Харьков еще два дня был удушливым и пыльным, как степь после табуна. Но вскоре разразился циклопический невиданный ливень. Будто небо обратилось в океан и всей тяжестью пролилось на землю. Стихия застала меня врасплох, я укрылся под разлапистым каштаном, но за какую-то минуту визжащие, как пули, капли изрешетили крепкую июньскую листву. Дышать получалось только наклонив голову – иначе вода заливала нос и горло. Уже через полтора часа всякий брод был по пояс. Цветными кочками возвышались легковые крыши затопленных машин. Наземные трамваи стали речными. Над канализационными стоками кружили мусор медленные воронки. Входы в метро напоминали мраморные купели с уходящими в глубину ступенями. Харьков погружался, исчезал, как Китеж.
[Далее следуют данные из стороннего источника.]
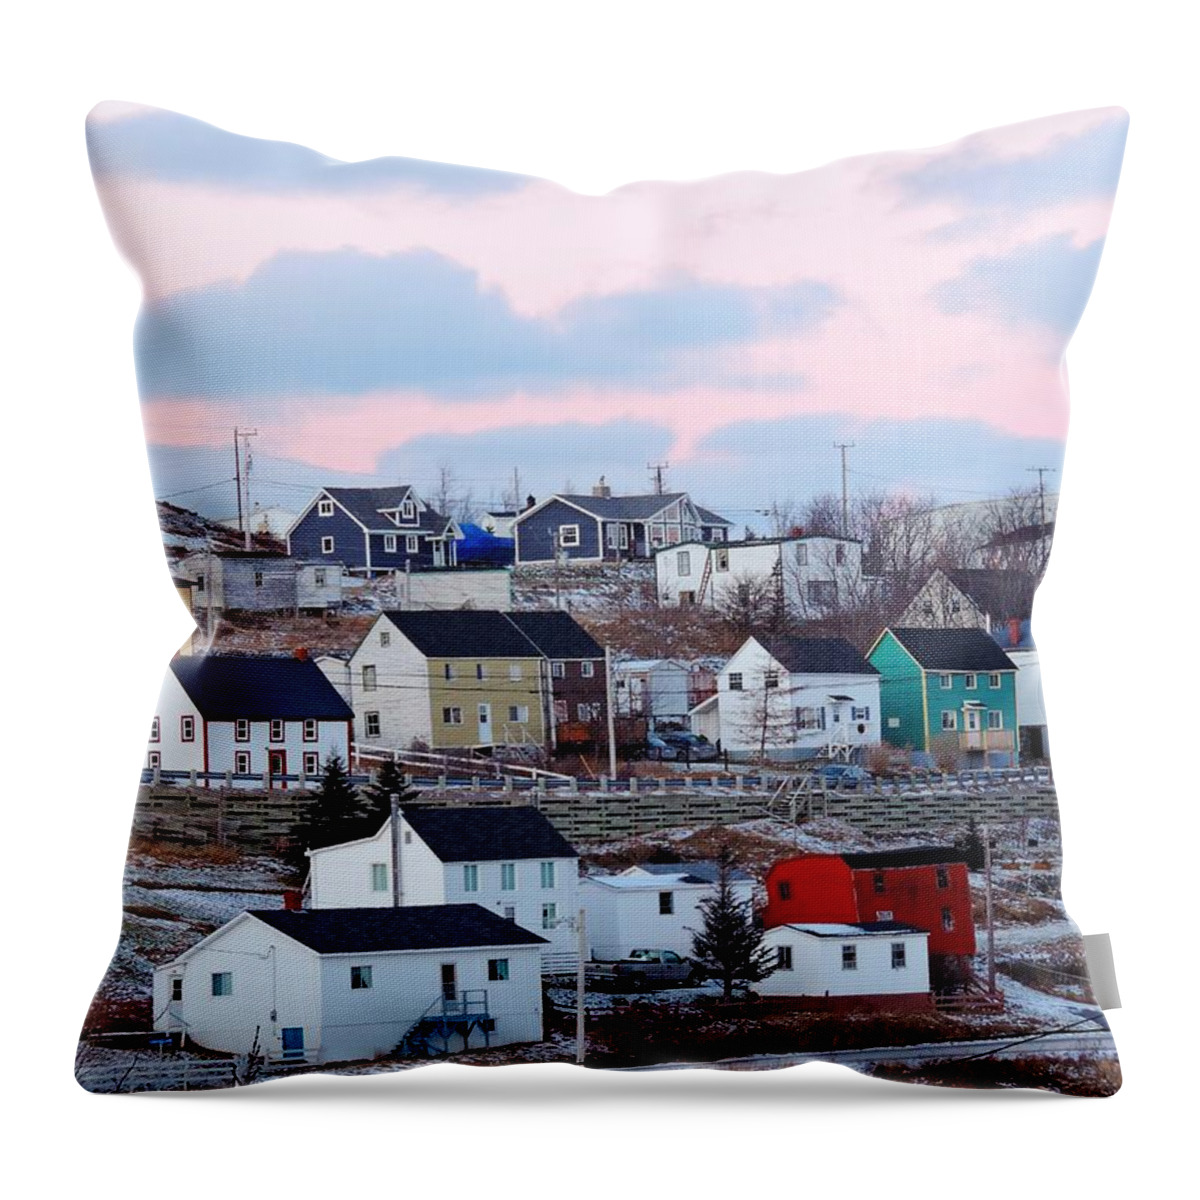 Jelly Bean Houses Throw Pillow featuring the photograph Bonavista by Zinvolle Art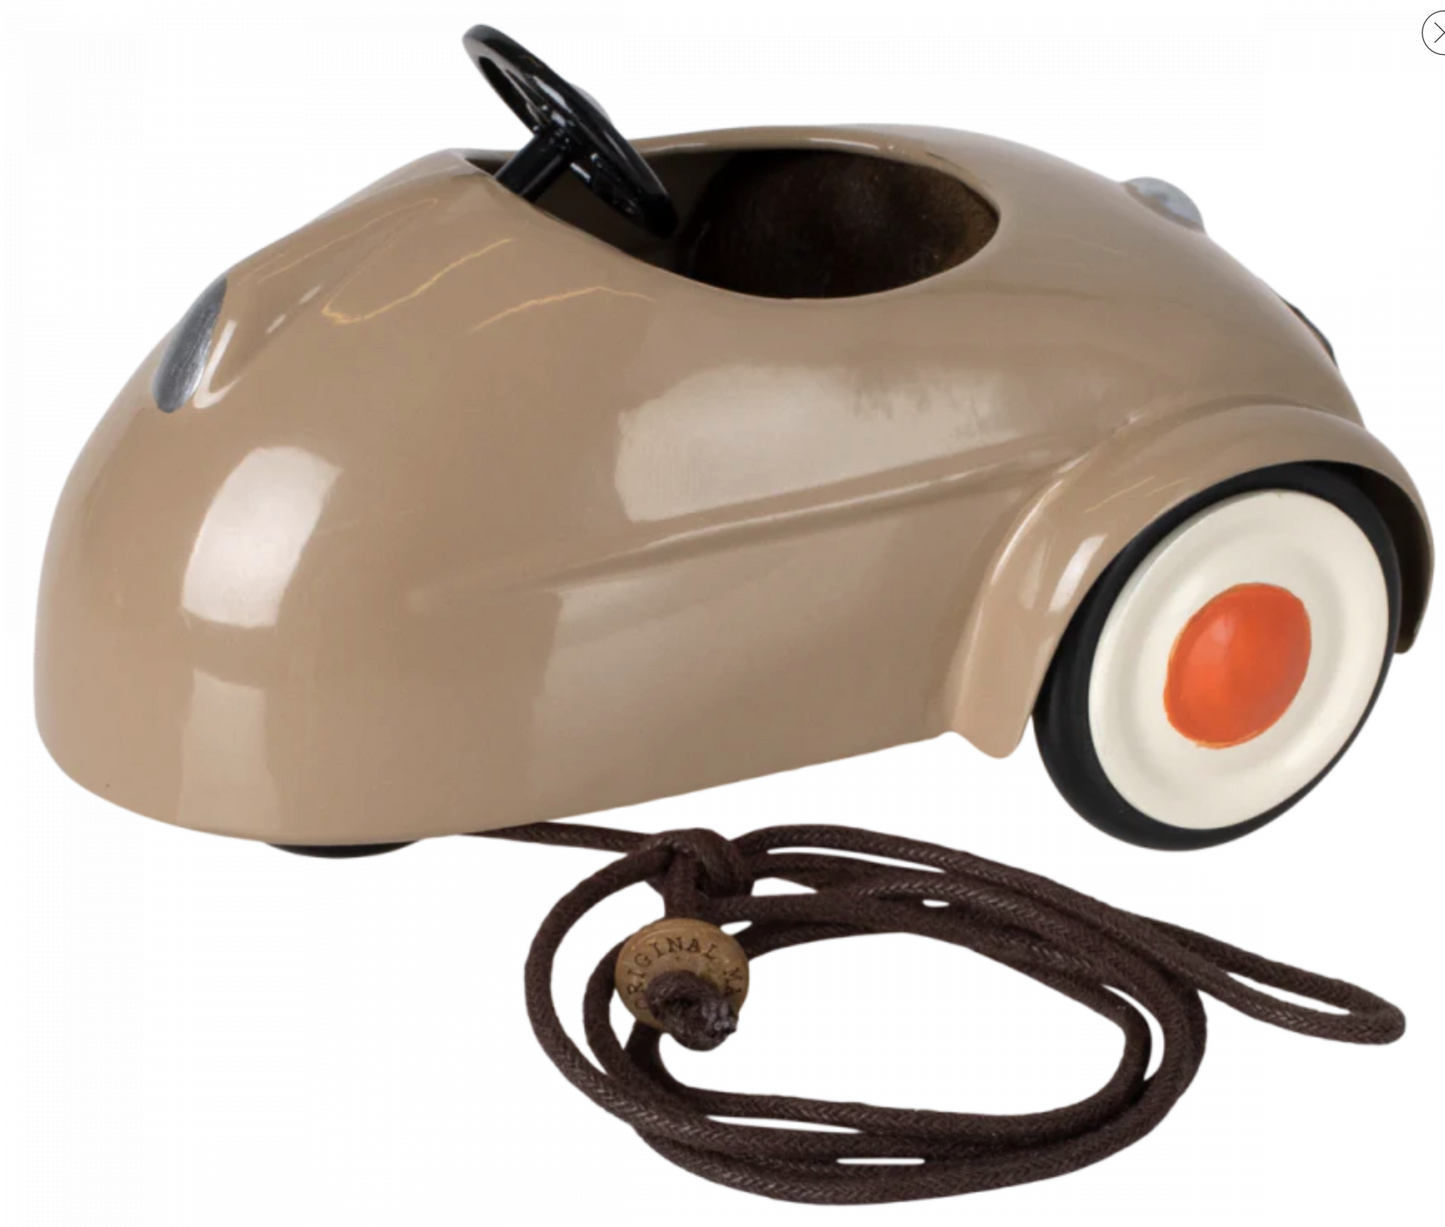 Mouse Car- Light Brown

Ливень так же внезапно иссяк. За ночь большая вода схлынула, оставив на улицах болотную тину, напоминающую лягушачью кожу. Наутро в новостях сообщили, что погода разрушила очистительные сооружения, отверзла ядовитые отстойники. Водопровод, захлебнувшись нечистотами, умер. Краны еще до полудня харкали ржавчиной, а потом и ее не стало.

Вернулась городская жара. Снова вместо воздуха плавился горячий, разбавленный выхлопным бензином, штиль. Обезвоженный Харьков больше не вмещал моих сердечных терзаний. Я готовился к побегу в Крым. Там в одиночестве я рассчитывал изнурить, избыть неповоротливую любовь.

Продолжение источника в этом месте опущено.